From Progarchives.com, the ultimate progressive rock music website

nick_h_nz
4 stars [Originally published as a mini-review at The Progressive Aspect]

Holy crap! This album is amazing, and easily one of the most impressive from 2021. Certainly, it is the most impactful debut of 2021 that I've heard. If I had to pigeonhole the band, I guess I'd call them prog metal - but there is so much in their music, as can be seen from the tags they've used on their Bandcamp page. While not sounding really like any of these, Papangu is reminiscent to me of a melange of Magma and Mastodon, generated by Guayo and Gentle Giant, blended with Bowie and Bubu, curated by King Crimson and Kayo Dot, and overseen by Sleepytime Gorilla Museum and Shining. Honestly the sheer eclecticism of Papagnu's sound is amazing just in the way it is all pulled together without sounding convoluted and impenetrable. The music is avant, but accessibly so.

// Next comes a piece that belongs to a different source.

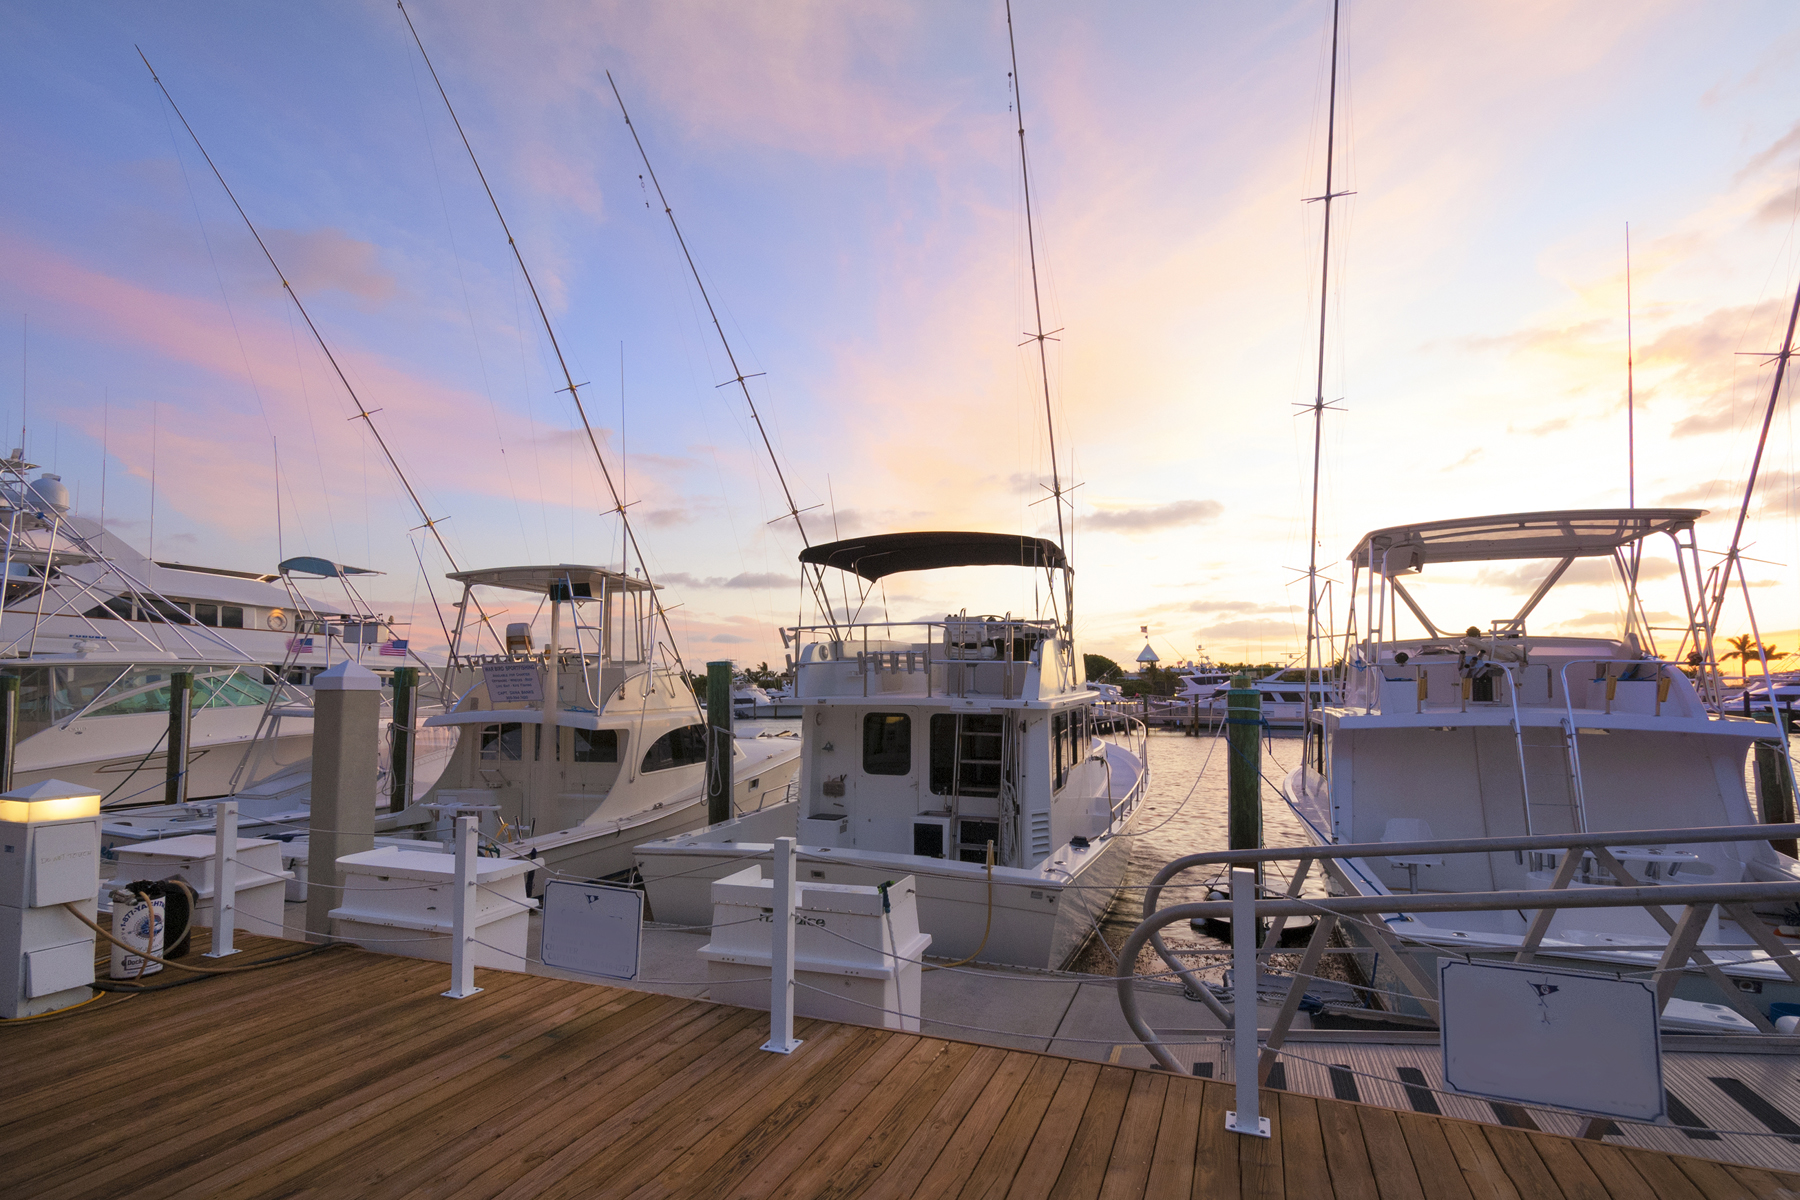 Additional photo for property listing at Spacious Canalfront Lot at Ocean Reef 25 Cardinal Lane Key Largo, Florida 33037 États-Unis

One of the Bandcamp tags is 'Zeuhl', and you can certainly hear several elements of this in Papagnu's sound - and in particular in the martial rhythms that pervade the album. However, rather than sounding otherworldly, they sound rooted to the geographic origins of the band. I'm not at all familiar with Brazilian folk music, but much of Papangu's music sounds traditional and tribal. Even the psychedelia of their music is less from the hallucinogenic qualities of Pink Floyd and Hawkwind, than from Psilocybin and Ayahuasca. I love how much of their own culture Papangu has poured into their music, and melded beautifully with styles from across the world and across the ages. I have railed against the term world music in the past, but with Holoceno, Papangu have created some superb world music, boundless in breadth, depth and inspiration.

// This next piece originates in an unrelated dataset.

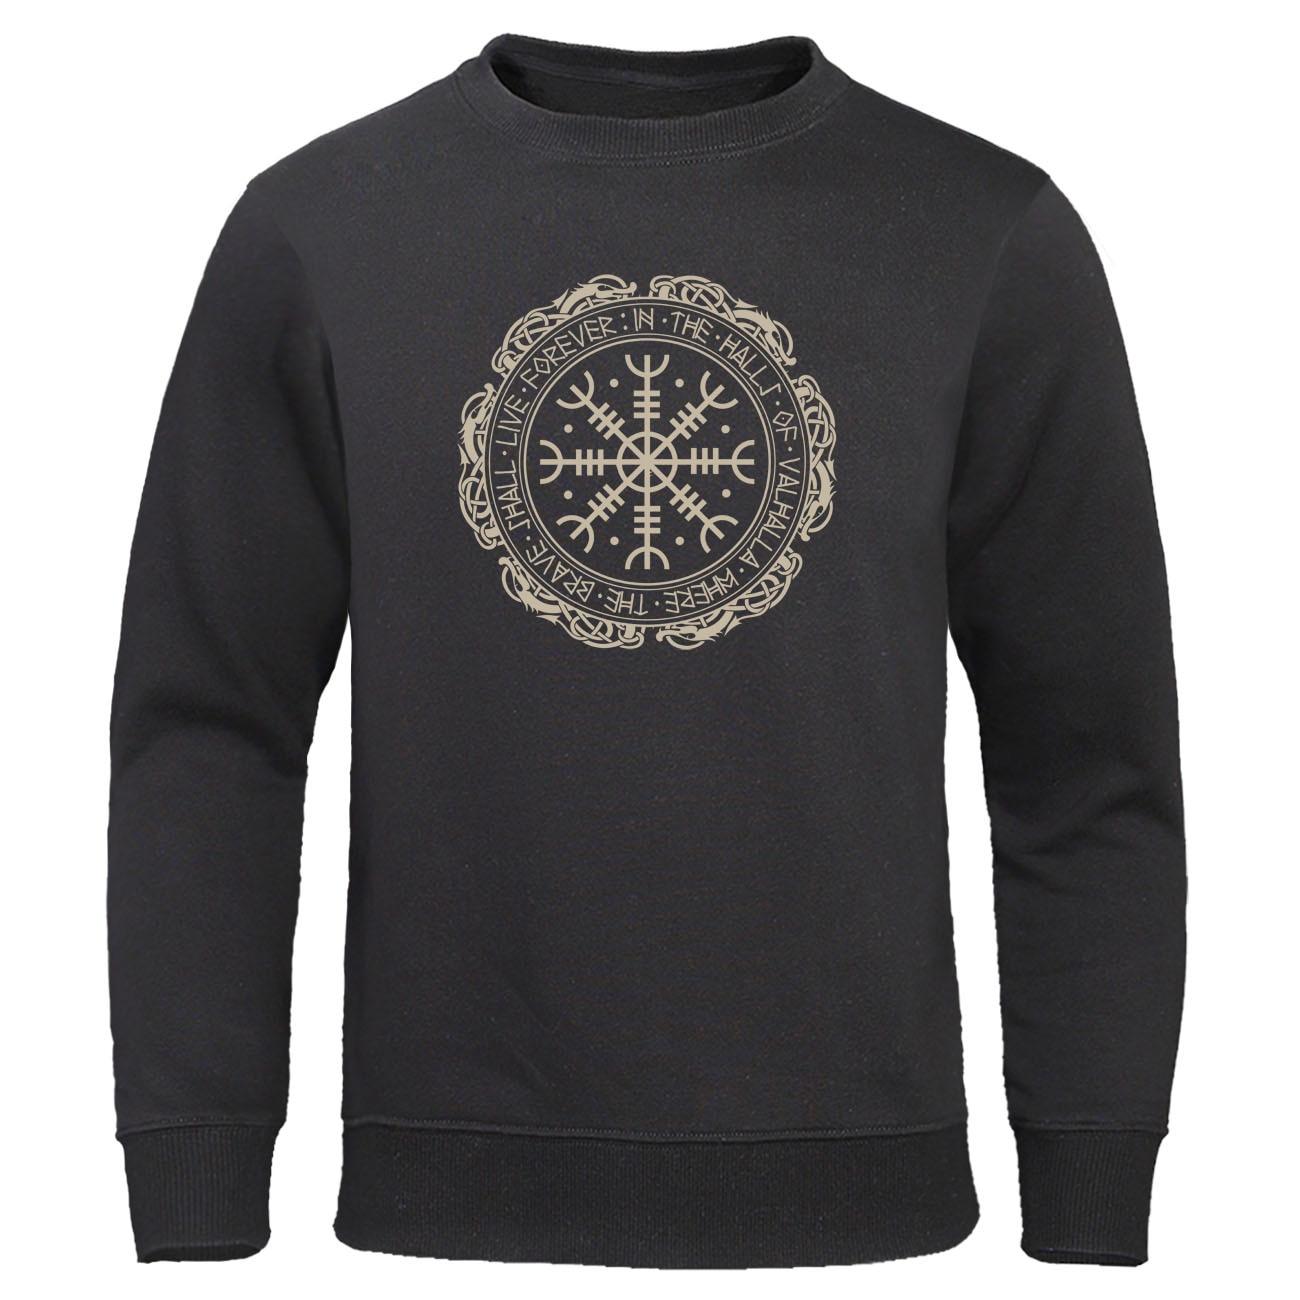 2019 Sweatshirts Retro Classic Viking Valhalla Odin Autumn Winter Sweatshirt Hoodie Men Fashion Print Hoodies Hip Hop Streetwear

Holoceno is an incredibly ambitious album for a debut, and it could so easily have fallen flat on its face. Rather, it so very quickly attained an almost cult status, that only five or six months after its release, it was unsurprising to see it appearing in so many end-of-year lists. Yet, while there has been a social media storm over just how mind-blowing this debut is, it's been largely contained to metal circles. And that's a great shame, as while there's no doubt much for metal lovers to get their teeth into, there's so much more, and (particularly if you like either the French or Japanese brands of Zeuhl) plenty for adventurous listeners willing to give this band a listen. The execution of Papangu's confluence of sounds and styles is exceptional and flawless, the musicianship is of a very high level, and the album has beautiful production. This is the sort of innovative album that the phrase "it shouldn't work" was made for. But it does. It works in a magnificent and addictive way, and I can't wait to hear what the band comes up with next. Given this debut was seven years in the making, I rather hope I don't need to wait that long?